4 large shallots, thinly sliced and separated into rings
Instructions
In a large Dutch oven, pour water to a depth of 4 inches. Add 3 teaspoons salt, and bring to a boil over medium-high heat. Add one-third of greens; cook until crisp-tender, about 4 minutes. Remove using a slotted spoon, and place in an ice water bath. Drain well, and squeeze dry. Repeat with remaining greens.
In a 12-inch enamel-coated cast-iron braiser, heat oil over medium heat. Add onion; cook until tender, about 5 minutes. Add garlic and thyme; cook until fragrant, about 1 minute. Stir in flour, paprika, and pepper; cook for 1 minute. Whisk in half-and-half until smooth; bring to a boil, and stir in greens and remaining 2 teaspoons salt. Reduce heat to medium-low; cover and simmer, stirring occasionally, until sauce is thickened, about 15 minutes. Garnish with Fried Shallots and thyme, if desired.
Fried Shallots
In a 12-inch cast-iron skillet, pour oil to a depth of 1 inch, and heat over medium-high heat until a deep-fry thermometer registers 350°.

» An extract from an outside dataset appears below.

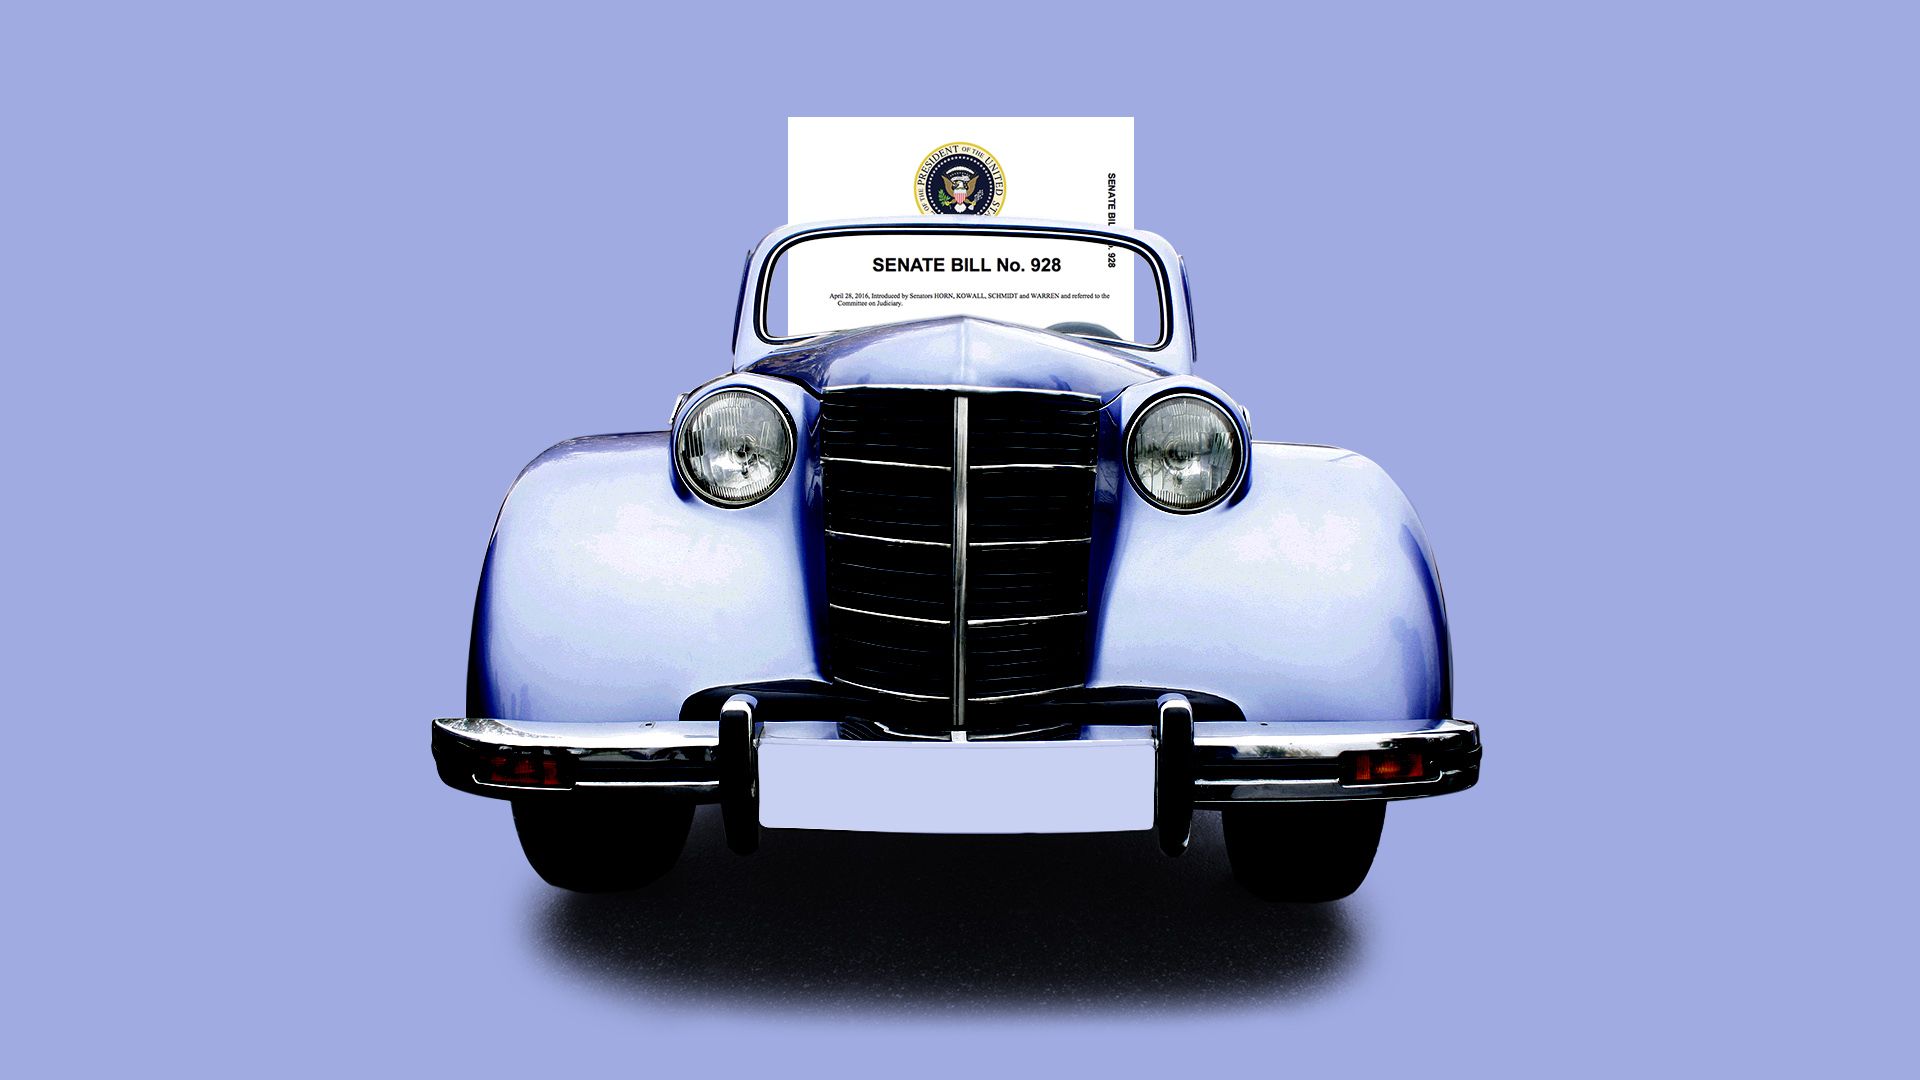 An illustration of the front of a vehicle with a bill sitting in the front seat.

In a large bowl, whisk together flour, salt, and pepper. Stir in shallots until fully coated.
Fry shallots in batches until golden brown, 2 to 3 minutes. Remove using a slotted spoon, and let drain on paper towels. Store in an airtight container for up to 2 days.
Notes
Kitchen Tip: Blanch greens the day before. Drain well, cover, and refrigerate until ready to use.